Tunisie Numerique ha guidato una serie di interviste con le famiglie tunisine per scoprire come gestiscono i propri bilanci in questo momento di crisi che attraversa il Paese.
Questi tunisini provengono da classi sociali diverse, hanno età diverse e vivono sia in quartieri esclusivi che in quartieri operai. Hanno accettato volontariamente di rispondere spontaneamente e in forma anonima alle domande di Tunisie Numérique. Le storie sono state trascritte così come sono.
Questo episodio è molto particolare perché il giornalista di Tunisia Numérique è stato contattato direttamente da “Emanuel”, che ha insistito per raccontarci la sua storia liberamente e senza restrizioni.
Emanuel è burkinabè, 21 anni, e single.
Ci confida: “Ho dolore alla gamba destra. Soffro il martirio. Ho bisogno di cure urgenti.”

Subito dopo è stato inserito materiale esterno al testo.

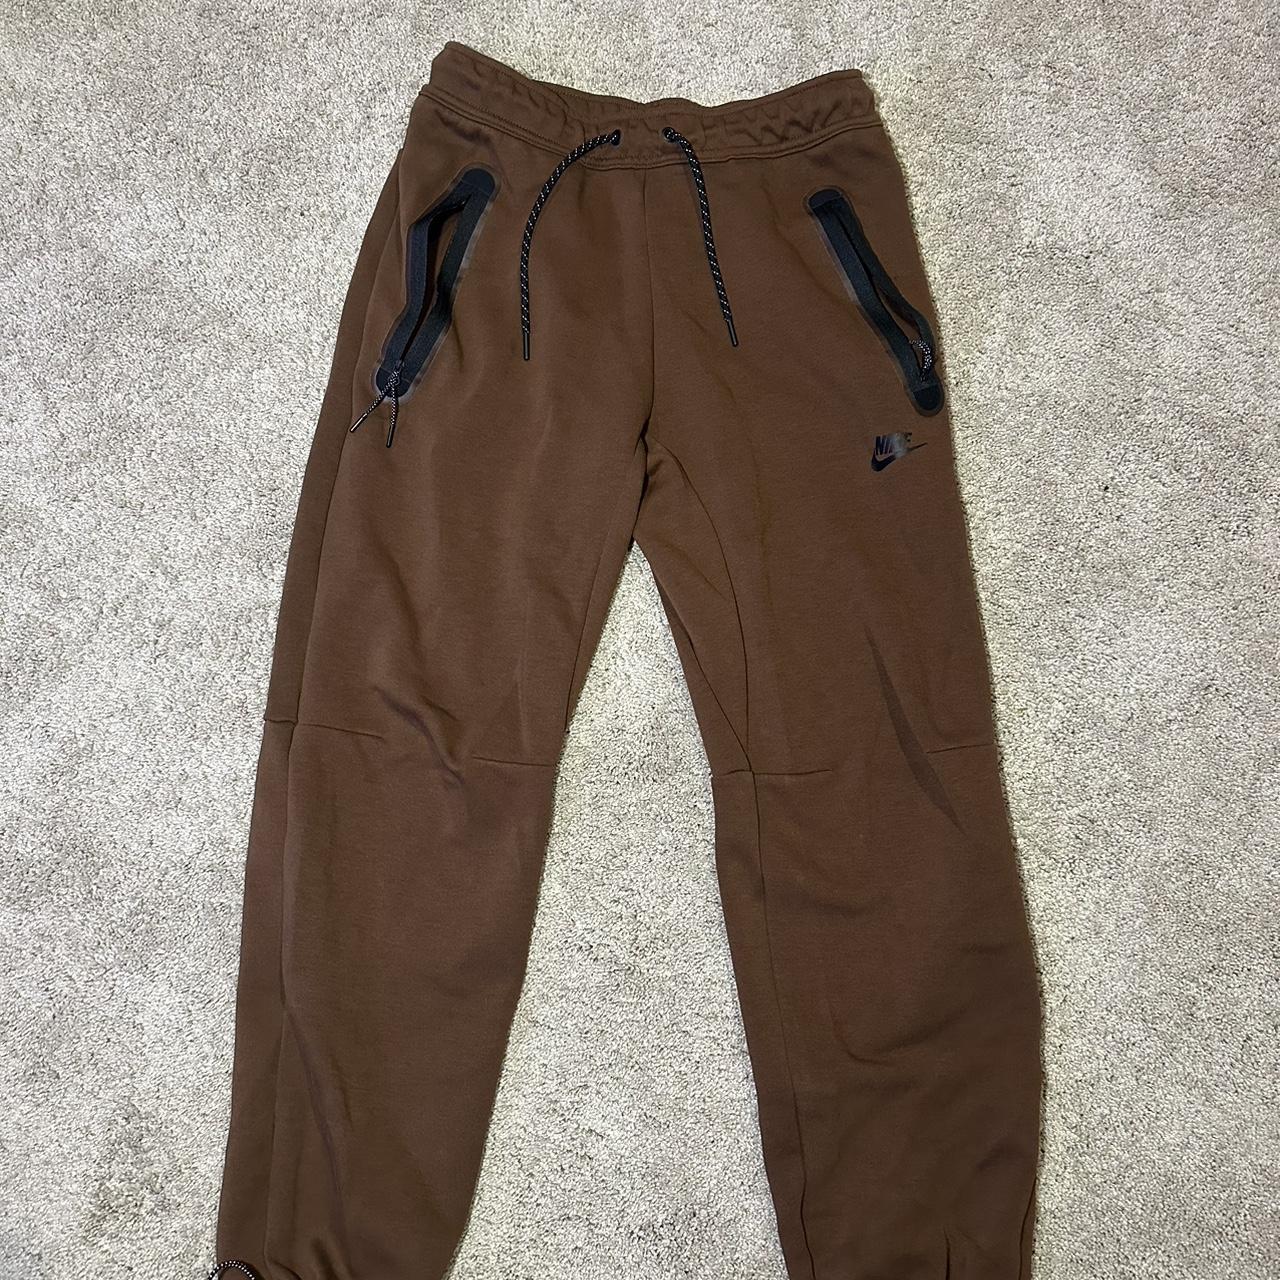 Small brown nike tech pants with zipper pockets.... - Depop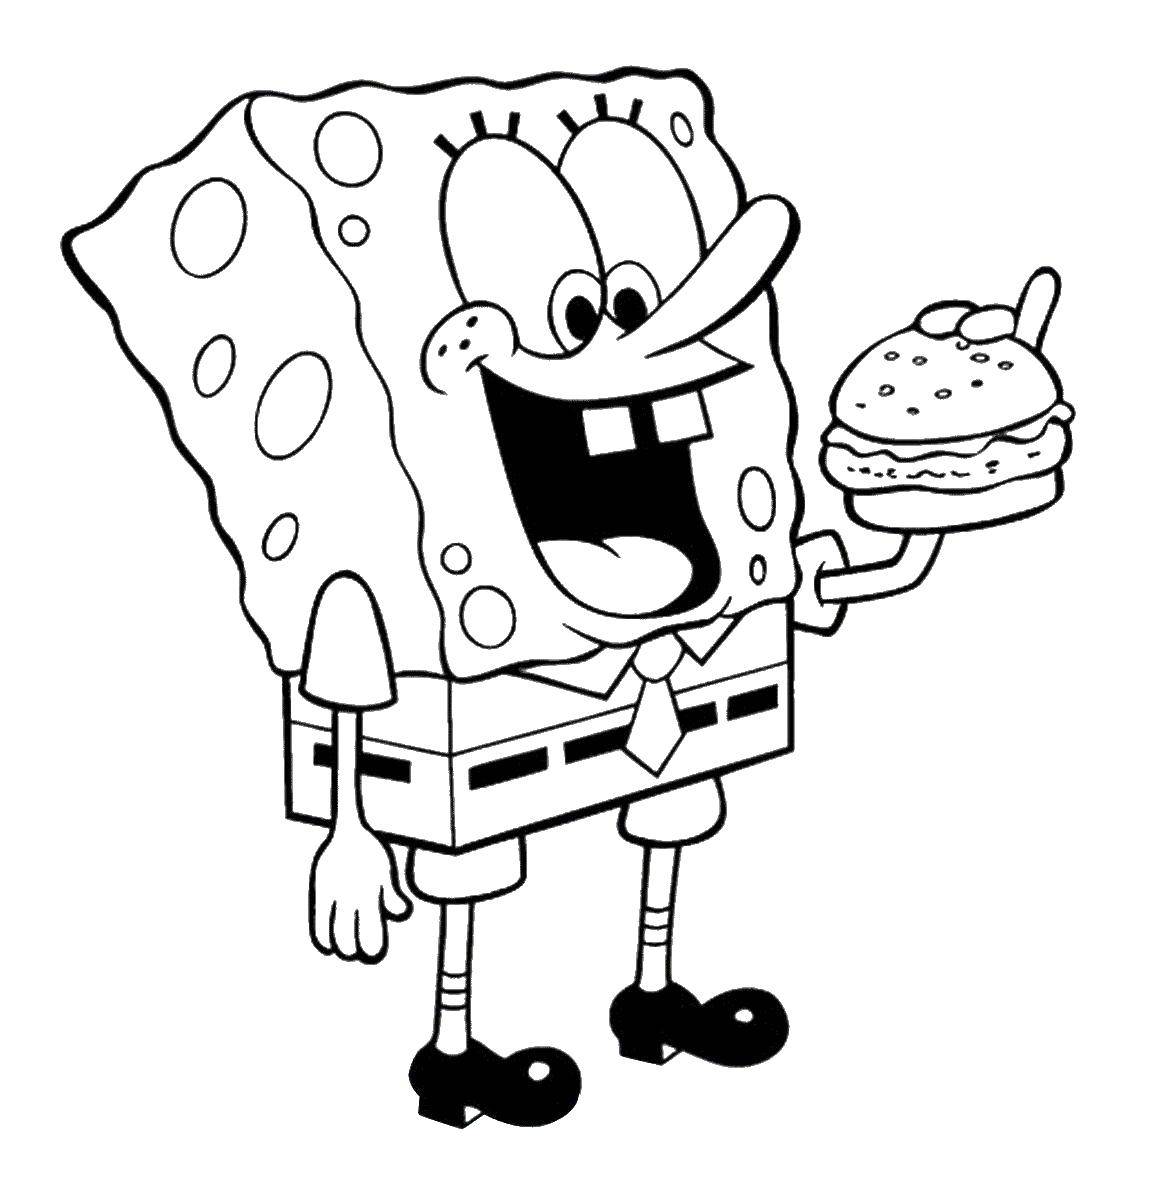 Coloring Spongebob square pants with a hamburger. Category Spongebob. Tags:  the spongebob, Patrick.

Queste sono state le prime parole che il giovane ha pronunciato avvicinandosi a noi prima di essere accudito dagli operatori sanitari della Mezzaluna Rossa di Sidi Bouzid. Abbiamo conosciuto Emanuel durante la campagna organizzata dalla Mezzaluna Rossa a favore degli immigrati sub-sahariani.
Dal Burkina Faso alla Tunisia
Momentaneamente sollevato, Emanuel torna da noi e dice: “Sono tornato illegalmente in Tunisia una settimana fa. Ho attraversato i confini algerini, le montagne e le fitte foreste per arrivare a Kasserine”.
Emanuel continua: “Sono fuggito dalla povertà. La guerra ha devastato tutto nella mia casa. O aspettare che la morte venisse a prendermi, oppure lasciare il Burkina Faso con il rischio di andare, di mia iniziativa, magari verso la morte! Ho scelto la seconda opzione. Sogno un futuro migliore”.
Emanuel ci racconta il suo viaggio: “Ho deciso con alcuni parenti di affrontare il deserto, le milizie armate e tutti i pericoli sulla strada per sfuggire, costi quel che costi, alla guerra. Eravamo già morti comunque”.
Emanuel aggiunge: “All’inizio della nostra avventura eravamo in 6…”
Emanuel smette di parlare, visibilmente molto commosso. Prosegue con voce tremante: “Adesso siamo in 4 che sono riusciti a varcare i confini. Abbiamo perso 2 di noi. Non posso dirvi di più… è ancora tutto confuso nella mia testa. Non ricordo nemmeno più i loro volti. So solo che erano burkinabè anche loro e si chiamavano Roger e Paul”.
In transito verso l’Italia
Emanuel beve un sorso d’acqua, guarda il cielo e ci dice: “Sapete, vogliamo andare in Europa. La Tunisia è solo una tappa del nostro viaggio. L’Europa è il paradiso, lo abbiamo visto in TV. Vogliamo vivere in pace e con dignità. In Europa la vita umana è rispettata”.
Emanuele è il quinto di una numerosa famiglia di 11 figli. La sua famiglia è povera. A causa della guerra furono più volte saccheggiati.
Ci spiega a questo proposito: “La guerra ci ha reso vulnerabili. Siamo diventati vittime di mercenari e di altre truppe armate. Ci hanno preso tutto. Senza soldi non valiamo niente e la nostra vita non vale più di un cane randagio. Diversi abitanti del mio villaggio sono morti a causa di proiettili vaganti o sono stati addirittura giustiziati in pieno giorno”.
Emanuel prosegue: “Molti miei concittadini sono arrivati in Italia. Posso farlo anch’io. Sto solo aspettando di guadagnare un po’ di soldi per poter pagare il trafficante. Ho assolutamente bisogno di 6.500 dinari per garantirmi il posto sulla traversata”.
Emanuel aggiunge con insistenza: “Il mare non mi spaventa e la vita non mi ha fatto doni. Devo assolutamente stare dall’altra parte della banca, in Italia”.